To say that abortion by the mother is always prohibited,  or conversely, is always permissible, is contrary to personal sovereignty at the heart of voluntary law. Any absolute rule on the legal status of a fetus would necessarily be based on either an arbitrary diktat of some ruler, or on a definition of “person” that falls outside of voluntary law’s foundational definition of personhood. A person is, according to voluntary law, a corporeal, mortal entity capable at some prior relevant time of language and legal discourse (among other things). Infants, fetuses, fertilized human cells, and the severely mentally disabled from birth fall into a special category that might be called “potential persons who have not yet (and may never) become capable of adopting and following their own laws, yet might become capable within their lifetimes.” For brevity, we may generally refer to such living beings as “dependent potential persons” or “dependent potentials,” as a general class including infants, young children and those born with severe mental disabilities. The fetus is a prime example of this class.

It might fairly be asked how imputing a law to a fetus that permits it to be killed without legal repercussions can ever be considered a voluntary choice of the fetus. As a living being, all fetuses (and zygotes and fertilized eggs) must be presumed to share the common instinct of all life: survival. Therefore to say that the fetus consents to its own self-destruction is to contradict its evident will to survive, and impose a law not of its own choosing.

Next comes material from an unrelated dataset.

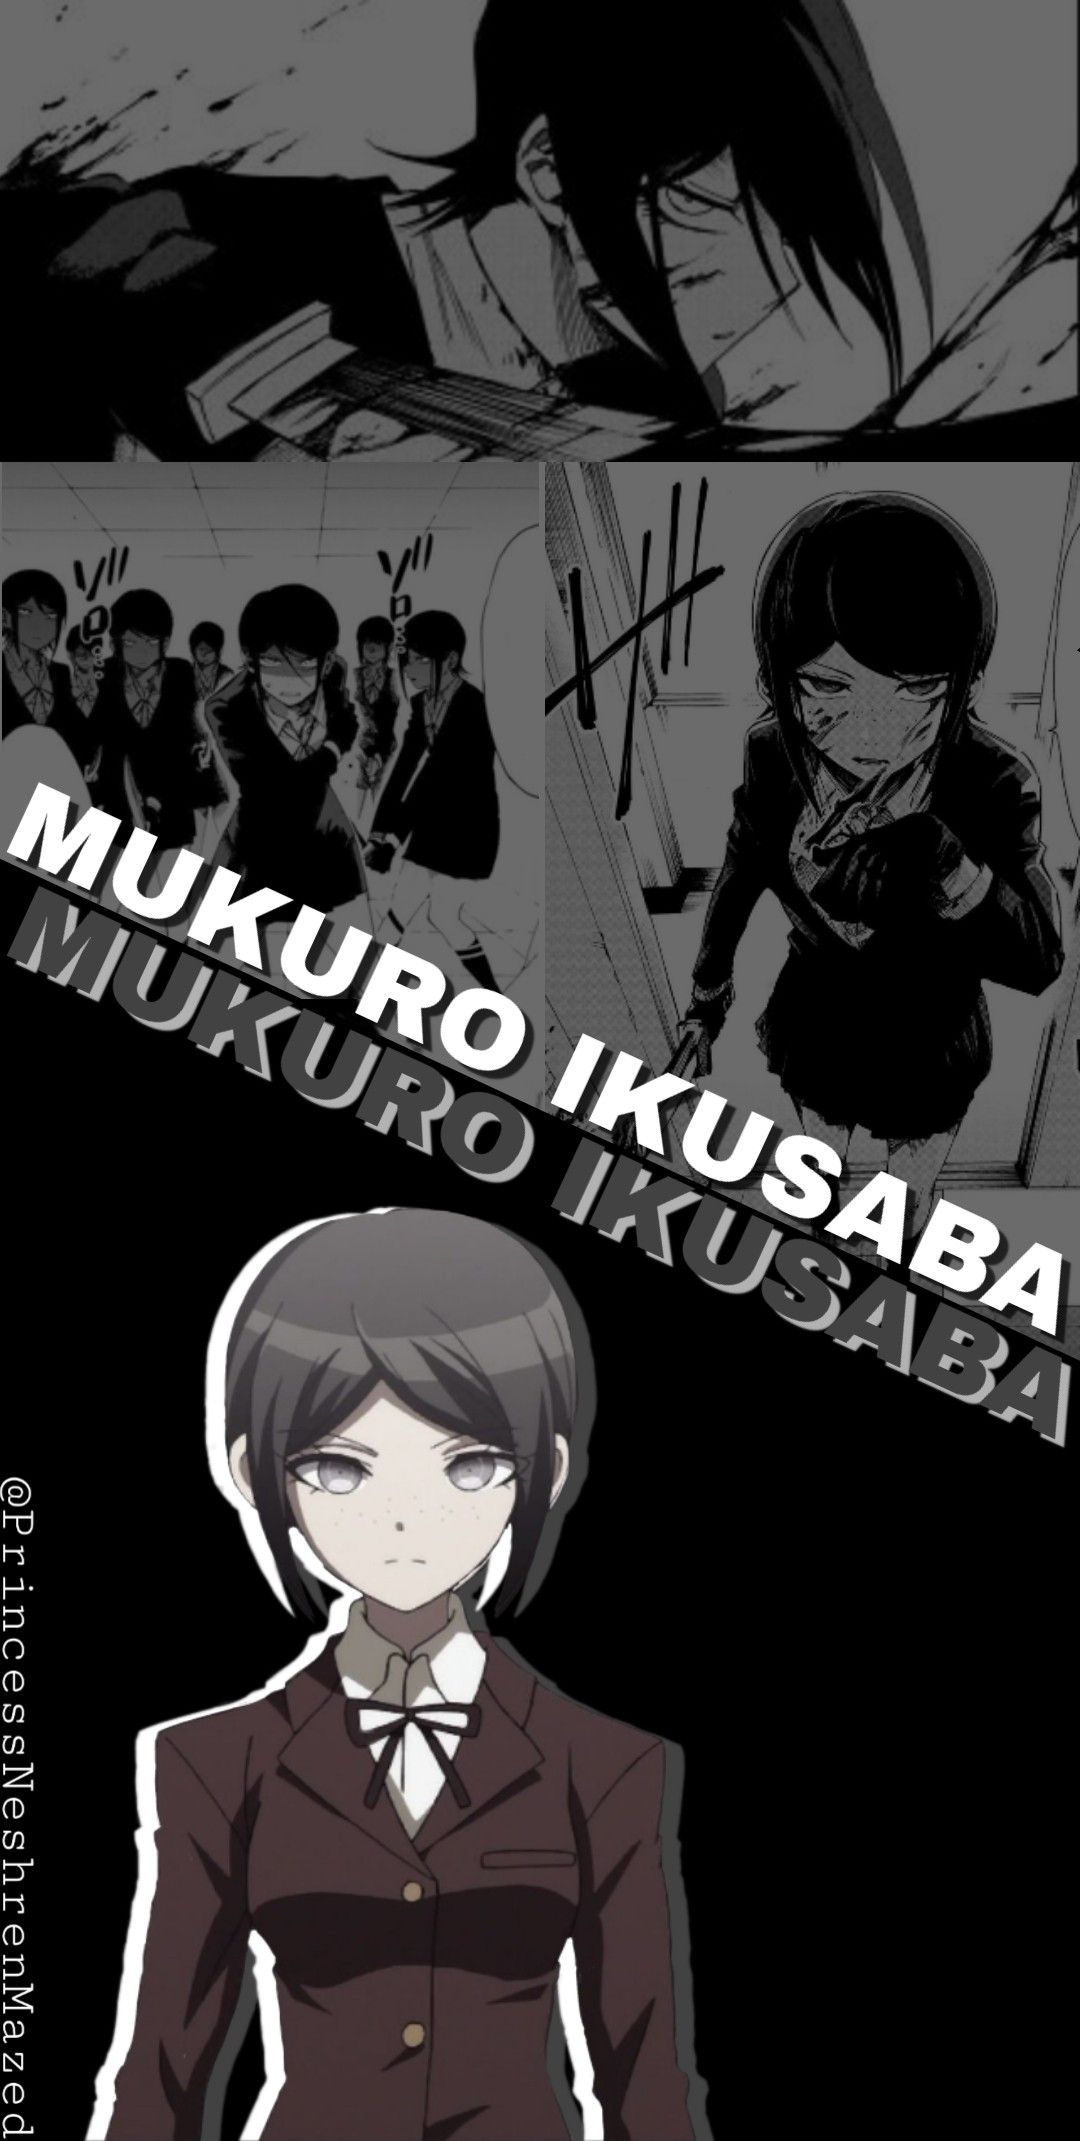 Mukuro Ikusaba wallpaper. Danganronpa, Danganronpa characters, Anime wallpaper

This argument is logical on its face, but consent should not be confused with legal consequences.  We may be sure that no fetus or infant ever consents to its own destruction, and do not need to pretend otherwise.  The question is what to do with those legally competent persons who, by some intentional or negligent act, have caused the life of the fetus to be taken away.  There is no particular logic that requires that all such intentional or negligent acts must have legal consequences.  On the contrary, both moral and economic considerations teach that sometimes the intentional killing of a fetus, however tragic, is morally justified, as when to preserve the life of the mother.   From an economic standpoint, preservation of life generally requires wholesale destruction of its own seeds. Nature teaches us this in many instances, for example with egg-laying animals that may lay dozens or hundreds of eggs, of which few survive to adulthood. Even mammalian species often bear litters, of which few survive under normal conditions. The economics of life dictate that not every individual can survive to adulthood, and in times of great scarcity, difficult choices must sometimes be made.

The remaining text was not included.